Postby KimberKenobi » Sun Oct 11, 2009 5:02 am

Otto MCR wrote:Its like a Versa had intercourse with a Prius.
... that's exactly what I said when I first saw it ... with pretty much the same reaction ...I'm trying not to notice it's "fish face."

No, this generation of EV's won't be the answer, but they're a good first step for people who want it. I would never get rid of the Camel in favor of a Leaf, but I might add one to my driveway...

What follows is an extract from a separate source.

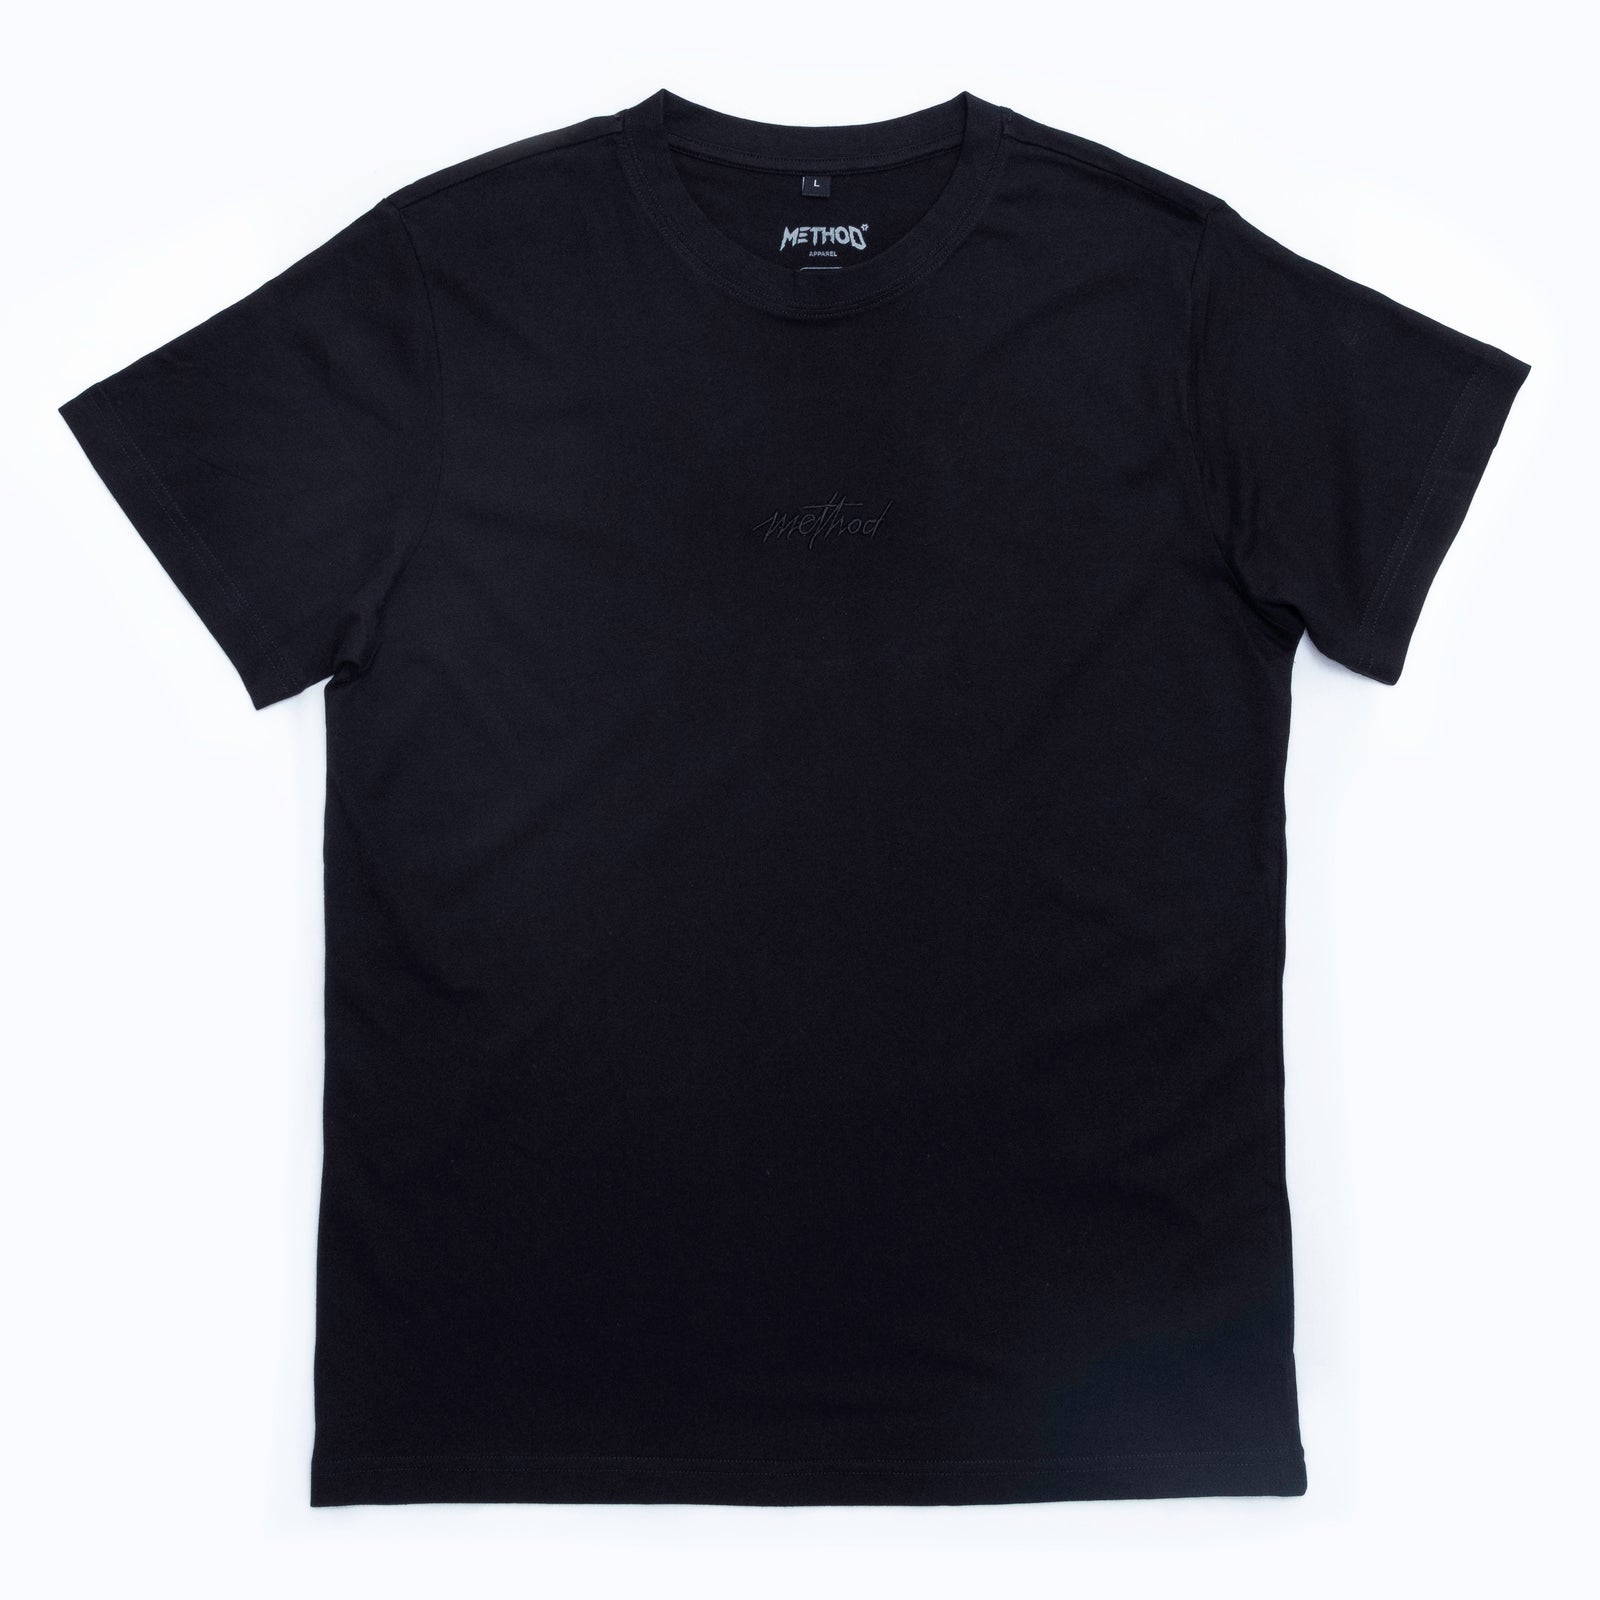 Method Signature T-Shirt - Black

In Europe, they're talking about leasing the Leaf battery for $150 per month instead of including the battery in the cost of the car. The gas for my commute (currently) is about $115 per month (if gas stays around $2.50) so the $150 would cost more. Then again, the battery leasing won't fluctuate with jumping gas prices. Then there's the issue of the extra electricity usage... Here electricity is pretty cheap, but I can't brain enough to figure out how much that would cost per month. Plus, that's 50 miles a day no longer going onto the Camel... 1,075 miles a month. So there's 1/5 of an oil change (which I usually pay around $27 for... so $5.40) and additional wear and tear on the Camel due to parking garages... I hate parking garages... so freaking much!

Then again, something money just can't buy... I certainly can't afford a Leaf and the Camel currently (plus a house) ... but if I could, I'd likely get a Leaf. My reasons would be 1) to give the Camel a break (just passed 66k and I'm barely half-way to year three), 2) to support EV technology and development, and 3) because it'll make me squeel and dance like a little girly... I'll admit it.

But as I'm sitting here in the store and we've had no traffic (even though everybody has encouraged and asked us to be open on Sundays) I'm not seeing me having the money for a Leaf at the end of 2010... at this point I'll just be happy to still have a store...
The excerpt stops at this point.